International ratings agency Fitch said in a report that by historical standards, when the Federal Reserve begins cutting interest rates at its September policy meeting, its easing cycle will be "mild."
In its September Global Economic Outlook report, Fitch predicted that the Federal Reserve would cut interest rates by 25 basis points at its September and December meetings, and then cut rates by 125 basis points and 75 basis points in 2025 and 2026, respectively.
This would imply 10 rate cuts totaling 250 basis points over 25 months, Fitch noted, adding that in previous Fed easing cycles since the mid-1950s, the median cumulative rate cut from peak to bottom was 470 basis points, with a median duration of eight months.
"We expect the Fed to move forward with policy easing at a relatively modest pace, in part because there is still work to do on inflation," the report said. That's because CPI inflation remains above the Fed's 2% target.
Fitch also noted that the recent decline in core inflation, which excludes food and energy prices, mainly reflects a decline in motor vehicle prices, which may not be sustained.
According to a report from the U.S. Department of Labor on Wednesday, the U.S. CPI rose 2.5% year-on-year in August, lower than the expected 2.6%, the lowest increase in three and a half years; it rose 0.2% month-on-month. Excluding the more volatile food and energy prices, the core CPI rose 0.3% that month, slightly higher than the expected 0.2%; the year-on-year growth rate remained at 3.2%, in line with forecasts.
Fitch also noted that "the inflation challenges the Fed has faced over the past three and a half years are also likely to make FOMC members cautious. It has taken much longer than expected to curb inflation, and gaps have emerged in central banks' understanding of the drivers of inflation."
In Asia, Fitch said, "The Bank of Japan is bucking the global trend towards policy easing by raising rates more than we expected in July.
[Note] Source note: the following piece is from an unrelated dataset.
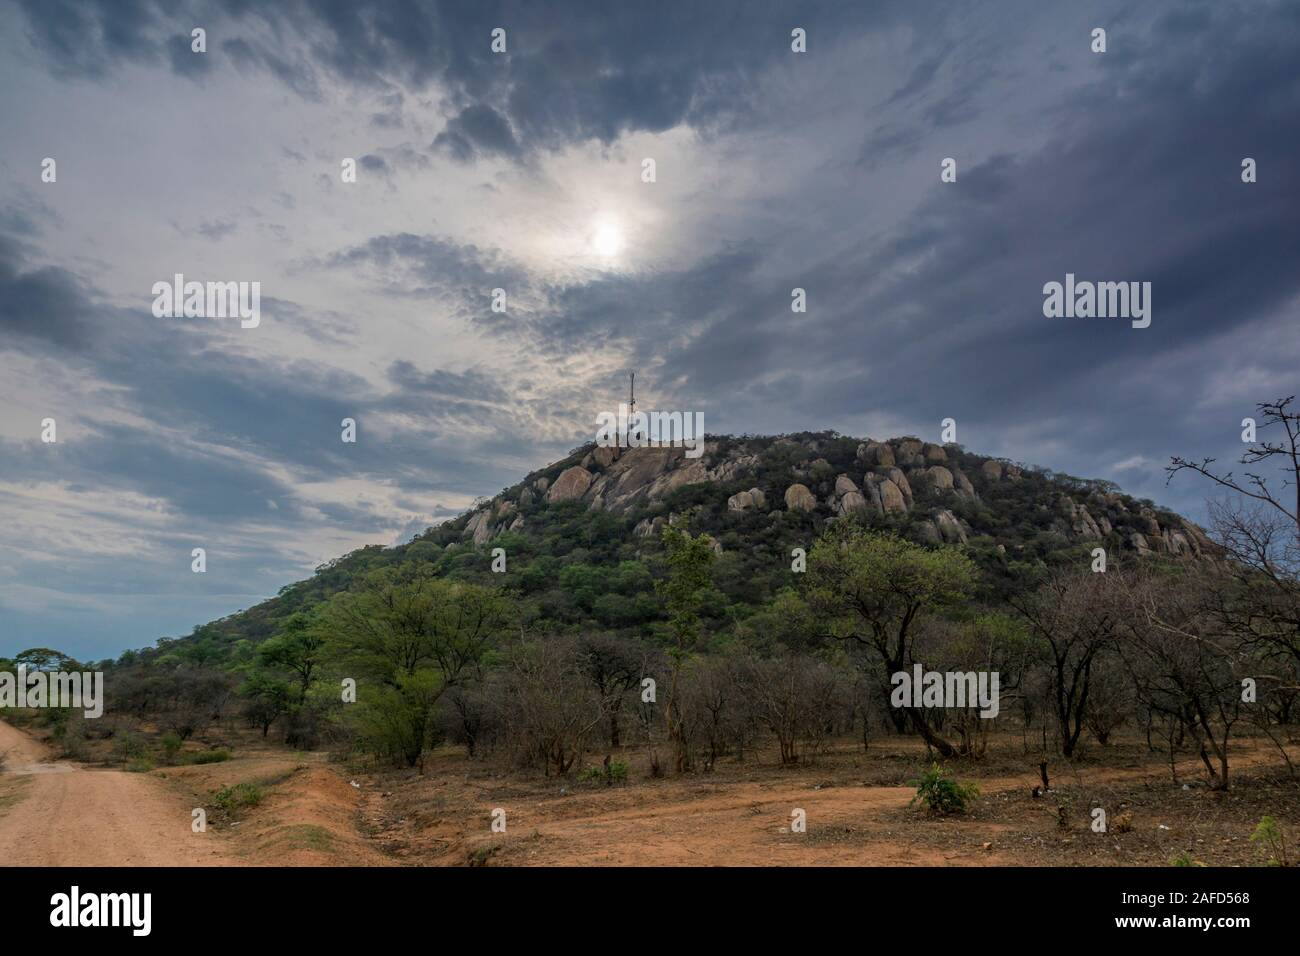 PZimbabwe. Dzapasi Assembly point (AP Foxtrot) national monument, at the site of the largest guerilla assembly point after the 1979 ceasefire between the Zimbabwe-Rhodesia government and the ZANLA and ZIPRA guerilla movements. Stock Photo

This reflects its growing conviction that reflation is now entrenched."
With core inflation running above the BOJ’s target for 23 straight months and companies poised to pay “sustained” and “substantial” wages, the situation is a stark departure from the “lost decade” of the 1990s when wages failed to grow amid persistent deflation, Fitch said.
This is consistent with the Bank of Japan's goal of a "virtuous wage-price cycle", which strengthens the Bank of Japan's confidence in continuing to raise interest rates to a neutral level.
Fitch expects the Bank of Japan's benchmark policy rate to reach 0.5% by the end of 2024 and 0.75% in 2025, adding: "We expect the policy rate to reach 1% by the end of 2026, higher than market expectations. The Bank of Japan's more hawkish stance is likely to continue to have global repercussions."